EXERCISE DATA =
= Beginning of Section =
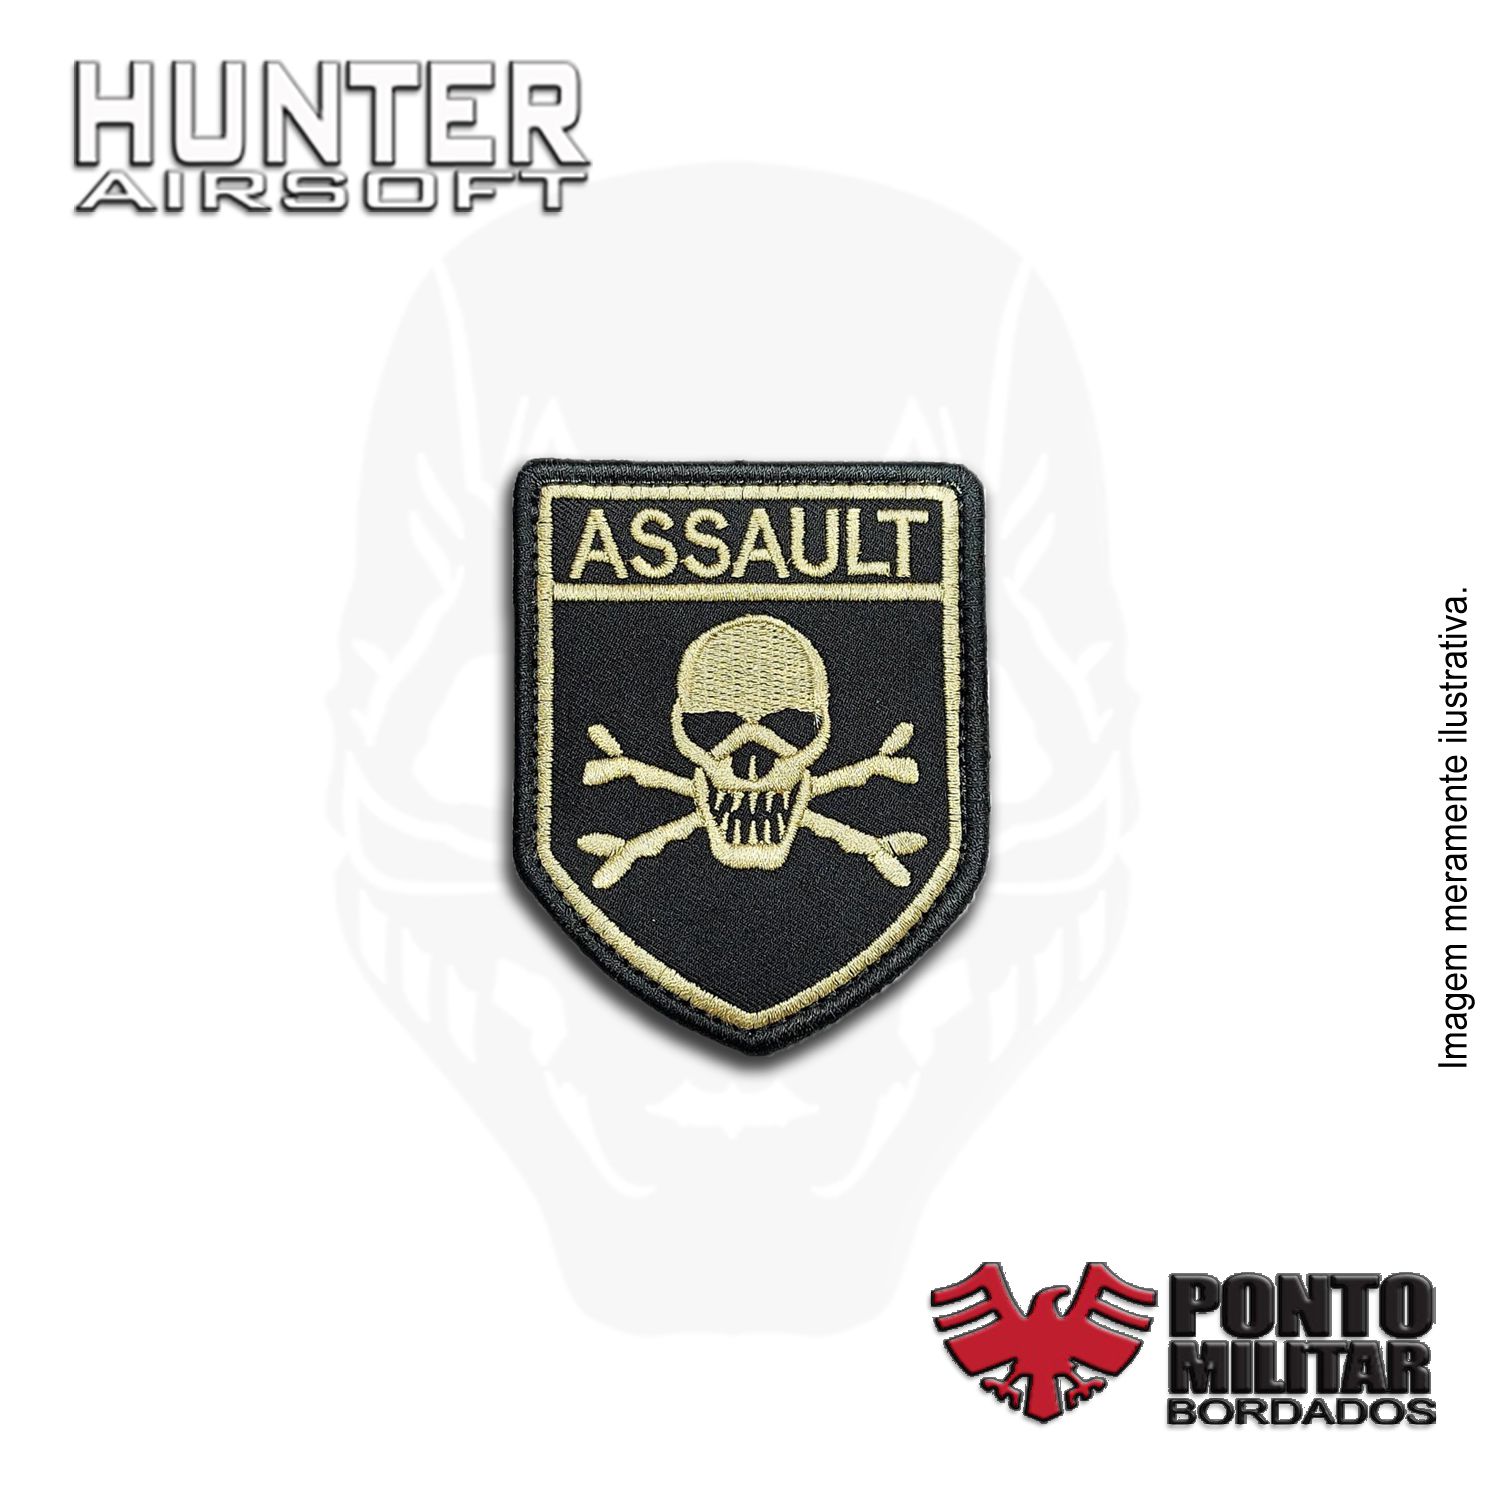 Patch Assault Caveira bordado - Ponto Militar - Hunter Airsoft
= End of Section =
= Beginning of Section =
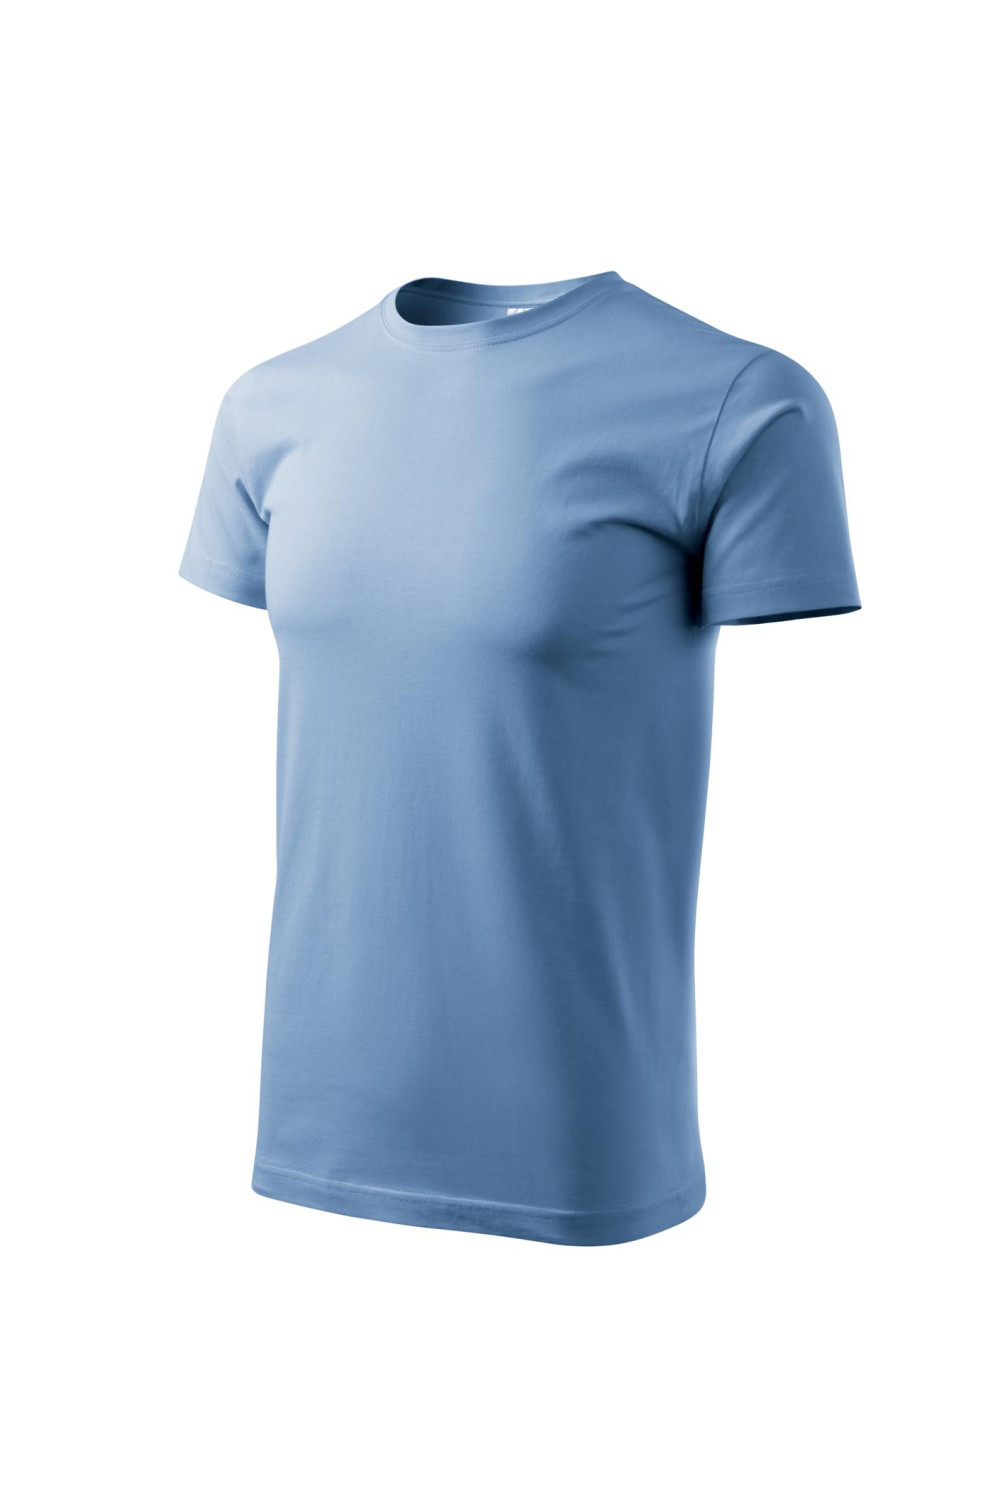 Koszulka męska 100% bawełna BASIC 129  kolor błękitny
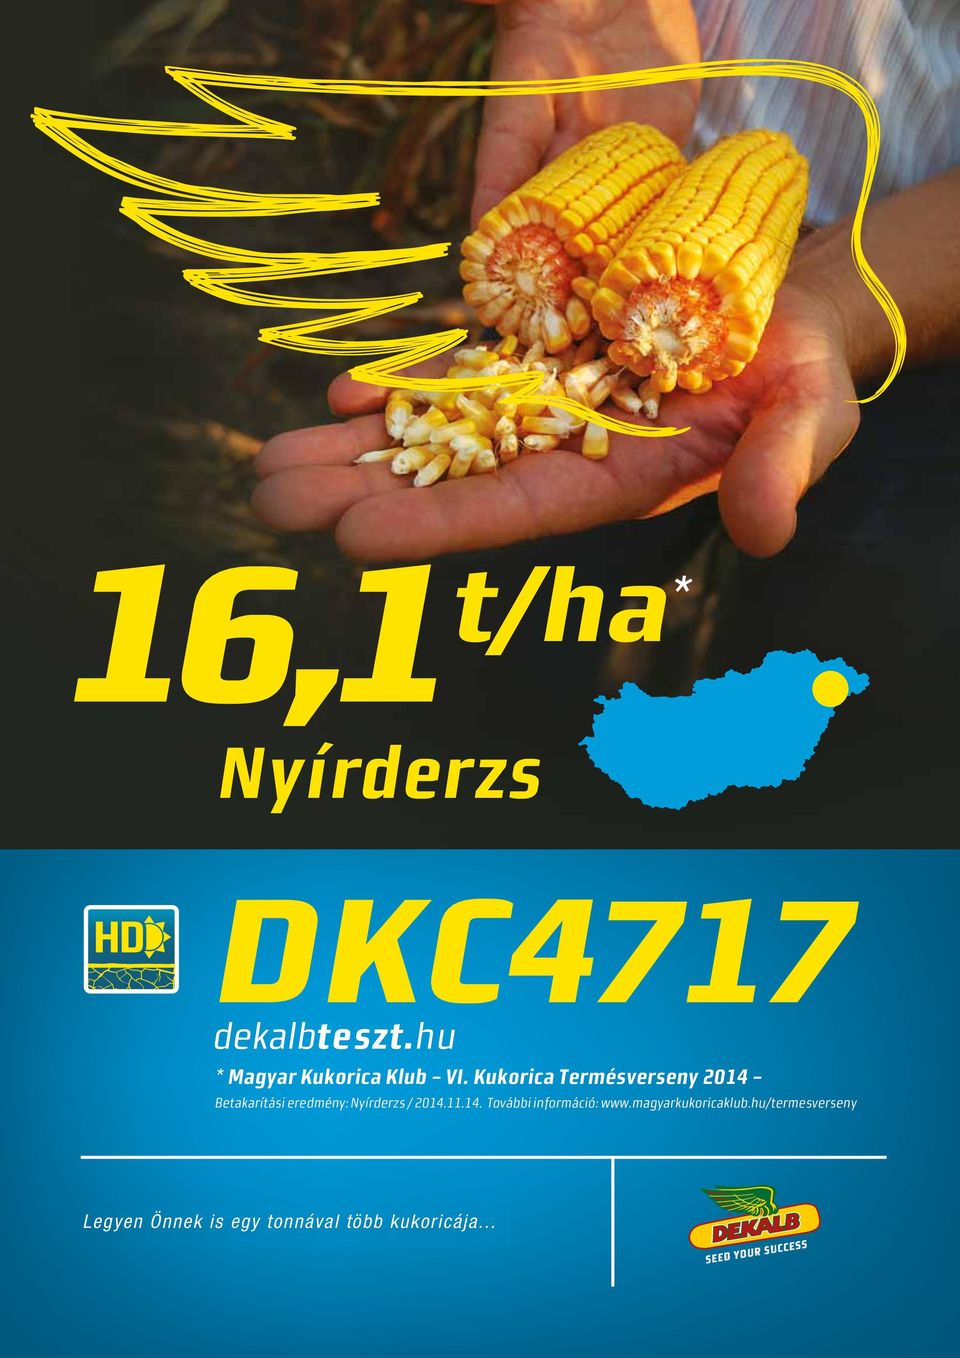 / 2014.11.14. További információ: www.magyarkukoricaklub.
= End of Section =
DIRECTIONS FOR THIS TASK =
Print exactly the lines above that run from the one with "Koszulka męska 100%" to the one with "További információ: www.magyarkukoricaklub.", both included. No pictures.

EXERCISE ANSWER =
 Koszulka męska 100% bawełna BASIC 129  kolor błękitny
 / 2014.11.14. További információ: www.magyarkukoricaklub.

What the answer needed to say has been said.